= Ballinlass incident =

Mass eviction during the Great Famine in Ireland

The Ballinlass incident (Irish: Eachtra Bhaile an Leasa) was the eviction of 300 tenants on 13 March 1846 in Ireland, in the context of the Great Famine in Ireland (1845–1849).
At this time, Ireland was part of the United Kingdom of Great Britain and Ireland, governed directly by its parliament in London. Most Irish peasant farmers were tenants under landlords, producing cereals, potatoes and livestock. But only the potatoes remained as food for the farmers themselves; the other products were used for paying the rent and exported from Ireland to Great Britain. These exports continued when the potato crop failed in 1845.

Farmers who failed to pay the rent in this situation were evicted from their homes and land. It is estimated that tens of thousands were evicted during the famine.

The 300 inhabitants of the townland of Ballinlass in Galway County, in the Barony of Killian, northeast of Mountbellew, were relatively "wealthy" and able to pay their rent. But despite this fact, they were evicted on 13 March 1846 because the landlord, a Mrs Gerrard, intended to establish a grazing farm where the village was situated.

The houses of Ballinlass were demolished by army and police; the people slept in the ruins in the following night. The next day, police and army returned to evict them definitively. Their neighbours were not allowed to take them in.

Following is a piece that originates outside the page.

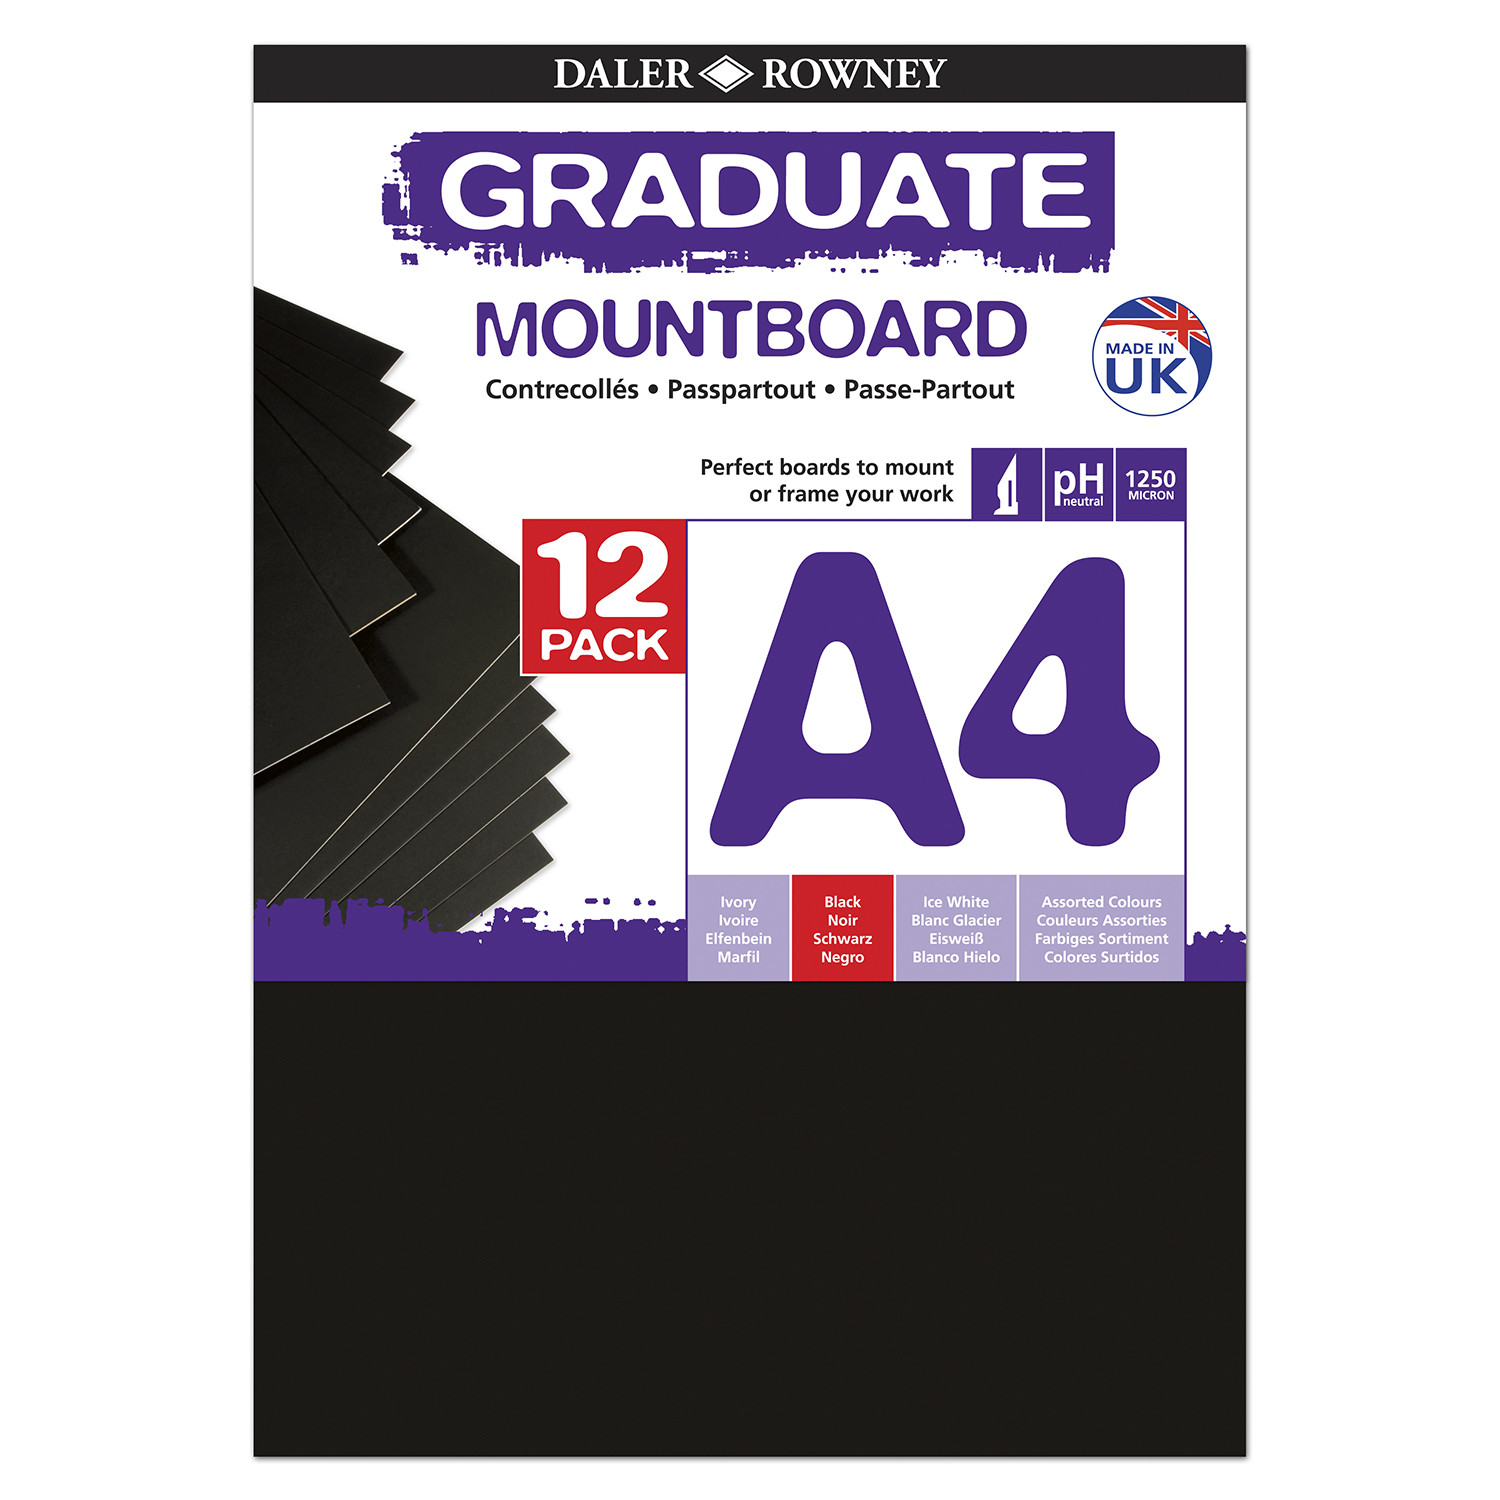 A4 Graduate Mountboard 12Pk - Black Image

The eviction of the entire village received wide publicity and was 'personally investigated' by Lord Londonderry, who, in a statement to the House of Lords on March 30, 1846 said 'I am deeply grieved, but there is no doubt concerning the truth of the evictions at Ballinlass. Seventy six families, comprising 300 individuals had not only been turned out of their houses, but had even - the unfortunate wretches - been mercilessly driven from the ditches to which they had been taken themselves for shelter..these unfortunate people had their rents actually ready..' Despite widespread condemnation, the eviction order was not rescinded.